• **Instructions to follow**: Retyping the records exactly, down to the last line, is the whole job.

• **Dataset entries**:
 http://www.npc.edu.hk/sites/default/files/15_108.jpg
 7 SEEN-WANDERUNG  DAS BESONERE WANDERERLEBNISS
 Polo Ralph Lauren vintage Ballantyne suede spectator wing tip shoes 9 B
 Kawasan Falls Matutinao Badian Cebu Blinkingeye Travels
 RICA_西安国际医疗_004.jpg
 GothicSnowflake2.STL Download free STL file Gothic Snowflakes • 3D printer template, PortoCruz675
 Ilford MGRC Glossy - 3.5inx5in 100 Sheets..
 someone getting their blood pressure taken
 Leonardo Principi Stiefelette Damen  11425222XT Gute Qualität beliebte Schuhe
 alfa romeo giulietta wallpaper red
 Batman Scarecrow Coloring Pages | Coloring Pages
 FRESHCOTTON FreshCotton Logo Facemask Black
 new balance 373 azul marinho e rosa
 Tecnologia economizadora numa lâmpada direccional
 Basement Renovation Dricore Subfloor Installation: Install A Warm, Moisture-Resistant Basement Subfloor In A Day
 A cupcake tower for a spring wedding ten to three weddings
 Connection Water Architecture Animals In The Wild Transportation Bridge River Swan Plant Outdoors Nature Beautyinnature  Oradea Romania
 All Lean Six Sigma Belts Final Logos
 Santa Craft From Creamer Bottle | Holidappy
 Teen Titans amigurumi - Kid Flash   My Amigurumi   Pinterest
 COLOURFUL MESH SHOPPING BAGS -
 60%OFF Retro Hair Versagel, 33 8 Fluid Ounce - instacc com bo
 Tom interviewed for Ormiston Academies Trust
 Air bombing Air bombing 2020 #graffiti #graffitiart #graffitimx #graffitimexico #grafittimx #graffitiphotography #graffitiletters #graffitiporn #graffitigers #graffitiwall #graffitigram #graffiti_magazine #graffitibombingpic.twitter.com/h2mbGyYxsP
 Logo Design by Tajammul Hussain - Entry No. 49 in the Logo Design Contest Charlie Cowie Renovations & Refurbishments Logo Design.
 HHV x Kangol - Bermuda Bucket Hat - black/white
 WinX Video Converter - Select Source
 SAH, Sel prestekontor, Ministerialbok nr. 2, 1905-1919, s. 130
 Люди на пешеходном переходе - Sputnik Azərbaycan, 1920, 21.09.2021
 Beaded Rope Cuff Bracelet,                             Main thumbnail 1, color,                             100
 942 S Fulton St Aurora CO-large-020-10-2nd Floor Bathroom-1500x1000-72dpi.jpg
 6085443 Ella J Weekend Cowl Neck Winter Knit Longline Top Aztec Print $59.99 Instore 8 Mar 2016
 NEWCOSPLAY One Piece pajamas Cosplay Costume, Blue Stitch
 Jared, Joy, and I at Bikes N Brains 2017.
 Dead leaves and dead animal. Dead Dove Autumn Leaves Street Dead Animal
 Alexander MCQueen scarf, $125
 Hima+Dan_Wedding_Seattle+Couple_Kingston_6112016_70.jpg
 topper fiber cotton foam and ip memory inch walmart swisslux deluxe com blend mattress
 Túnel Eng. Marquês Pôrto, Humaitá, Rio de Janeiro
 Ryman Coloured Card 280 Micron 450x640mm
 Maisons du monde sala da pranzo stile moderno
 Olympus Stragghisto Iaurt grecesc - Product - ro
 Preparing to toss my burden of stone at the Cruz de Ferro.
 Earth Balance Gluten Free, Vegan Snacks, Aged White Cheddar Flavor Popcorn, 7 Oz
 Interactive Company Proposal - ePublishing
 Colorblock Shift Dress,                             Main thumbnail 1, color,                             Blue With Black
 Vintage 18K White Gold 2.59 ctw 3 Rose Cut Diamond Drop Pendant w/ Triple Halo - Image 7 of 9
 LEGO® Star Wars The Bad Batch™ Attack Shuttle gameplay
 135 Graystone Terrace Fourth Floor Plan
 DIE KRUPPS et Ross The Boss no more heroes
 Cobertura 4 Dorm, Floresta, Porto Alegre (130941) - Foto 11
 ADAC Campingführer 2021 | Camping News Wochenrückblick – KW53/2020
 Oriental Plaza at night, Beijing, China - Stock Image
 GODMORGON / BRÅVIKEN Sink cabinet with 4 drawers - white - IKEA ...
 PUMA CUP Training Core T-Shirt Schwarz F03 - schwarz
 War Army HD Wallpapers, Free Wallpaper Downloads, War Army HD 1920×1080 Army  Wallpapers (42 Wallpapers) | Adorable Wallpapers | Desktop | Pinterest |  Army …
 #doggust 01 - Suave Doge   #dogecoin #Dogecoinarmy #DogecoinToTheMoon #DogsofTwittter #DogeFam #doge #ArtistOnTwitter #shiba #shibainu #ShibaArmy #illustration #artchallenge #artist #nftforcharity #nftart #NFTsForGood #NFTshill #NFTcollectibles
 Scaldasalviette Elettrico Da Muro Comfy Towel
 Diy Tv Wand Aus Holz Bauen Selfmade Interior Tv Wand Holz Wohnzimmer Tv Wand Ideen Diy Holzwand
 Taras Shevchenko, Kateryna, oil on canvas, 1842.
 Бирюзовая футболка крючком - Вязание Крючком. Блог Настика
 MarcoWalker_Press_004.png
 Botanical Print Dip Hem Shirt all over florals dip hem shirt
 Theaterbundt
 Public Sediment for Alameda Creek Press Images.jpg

• **Task answer**:
 http://www.npc.edu.hk/sites/default/files/15_108.jpg
 7 SEEN-WANDERUNG  DAS BESONERE WANDERERLEBNISS
 Polo Ralph Lauren vintage Ballantyne suede spectator wing tip shoes 9 B
 Kawasan Falls Matutinao Badian Cebu Blinkingeye Travels
 RICA_西安国际医疗_004.jpg
 GothicSnowflake2.STL Download free STL file Gothic Snowflakes • 3D printer template, PortoCruz675
 Ilford MGRC Glossy - 3.5inx5in 100 Sheets..
 someone getting their blood pressure taken
 Leonardo Principi Stiefelette Damen  11425222XT Gute Qualität beliebte Schuhe
 alfa romeo giulietta wallpaper red
 Batman Scarecrow Coloring Pages | Coloring Pages
 FRESHCOTTON FreshCotton Logo Facemask Black
 new balance 373 azul marinho e rosa
 Tecnologia economizadora numa lâmpada direccional
 Basement Renovation Dricore Subfloor Installation: Install A Warm, Moisture-Resistant Basement Subfloor In A Day
 A cupcake tower for a spring wedding ten to three weddings
 Connection Water Architecture Animals In The Wild Transportation Bridge River Swan Plant Outdoors Nature Beautyinnature  Oradea Romania
 All Lean Six Sigma Belts Final Logos
 Santa Craft From Creamer Bottle | Holidappy
 Teen Titans amigurumi - Kid Flash   My Amigurumi   Pinterest
 COLOURFUL MESH SHOPPING BAGS -
 60%OFF Retro Hair Versagel, 33 8 Fluid Ounce - instacc com bo
 Tom interviewed for Ormiston Academies Trust
 Air bombing Air bombing 2020 #graffiti #graffitiart #graffitimx #graffitimexico #grafittimx #graffitiphotography #graffitiletters #graffitiporn #graffitigers #graffitiwall #graffitigram #graffiti_magazine #graffitibombingpic.twitter.com/h2mbGyYxsP
 Logo Design by Tajammul Hussain - Entry No. 49 in the Logo Design Contest Charlie Cowie Renovations & Refurbishments Logo Design.
 HHV x Kangol - Bermuda Bucket Hat - black/white
 WinX Video Converter - Select Source
 SAH, Sel prestekontor, Ministerialbok nr. 2, 1905-1919, s. 130
 Люди на пешеходном переходе - Sputnik Azərbaycan, 1920, 21.09.2021
 Beaded Rope Cuff Bracelet,                             Main thumbnail 1, color,                             100
 942 S Fulton St Aurora CO-large-020-10-2nd Floor Bathroom-1500x1000-72dpi.jpg
 6085443 Ella J Weekend Cowl Neck Winter Knit Longline Top Aztec Print $59.99 Instore 8 Mar 2016
 NEWCOSPLAY One Piece pajamas Cosplay Costume, Blue Stitch
 Jared, Joy, and I at Bikes N Brains 2017.
 Dead leaves and dead animal. Dead Dove Autumn Leaves Street Dead Animal
 Alexander MCQueen scarf, $125
 Hima+Dan_Wedding_Seattle+Couple_Kingston_6112016_70.jpg
 topper fiber cotton foam and ip memory inch walmart swisslux deluxe com blend mattress
 Túnel Eng. Marquês Pôrto, Humaitá, Rio de Janeiro
 Ryman Coloured Card 280 Micron 450x640mm
 Maisons du monde sala da pranzo stile moderno
 Olympus Stragghisto Iaurt grecesc - Product - ro
 Preparing to toss my burden of stone at the Cruz de Ferro.
 Earth Balance Gluten Free, Vegan Snacks, Aged White Cheddar Flavor Popcorn, 7 Oz
 Interactive Company Proposal - ePublishing
 Colorblock Shift Dress,                             Main thumbnail 1, color,                             Blue With Black
 Vintage 18K White Gold 2.59 ctw 3 Rose Cut Diamond Drop Pendant w/ Triple Halo - Image 7 of 9
 LEGO® Star Wars The Bad Batch™ Attack Shuttle gameplay
 135 Graystone Terrace Fourth Floor Plan
 DIE KRUPPS et Ross The Boss no more heroes
 Cobertura 4 Dorm, Floresta, Porto Alegre (130941) - Foto 11
 ADAC Campingführer 2021 | Camping News Wochenrückblick – KW53/2020
 Oriental Plaza at night, Beijing, China - Stock Image
 GODMORGON / BRÅVIKEN Sink cabinet with 4 drawers - white - IKEA ...
 PUMA CUP Training Core T-Shirt Schwarz F03 - schwarz
 War Army HD Wallpapers, Free Wallpaper Downloads, War Army HD 1920×1080 Army  Wallpapers (42 Wallpapers) | Adorable Wallpapers | Desktop | Pinterest |  Army …
 #doggust 01 - Suave Doge   #dogecoin #Dogecoinarmy #DogecoinToTheMoon #DogsofTwittter #DogeFam #doge #ArtistOnTwitter #shiba #shibainu #ShibaArmy #illustration #artchallenge #artist #nftforcharity #nftart #NFTsForGood #NFTshill #NFTcollectibles
 Scaldasalviette Elettrico Da Muro Comfy Towel
 Diy Tv Wand Aus Holz Bauen Selfmade Interior Tv Wand Holz Wohnzimmer Tv Wand Ideen Diy Holzwand
 Taras Shevchenko, Kateryna, oil on canvas, 1842.
 Бирюзовая футболка крючком - Вязание Крючком. Блог Настика
 MarcoWalker_Press_004.png
 Botanical Print Dip Hem Shirt all over florals dip hem shirt
 Theaterbundt
 Public Sediment for Alameda Creek Press Images.jpg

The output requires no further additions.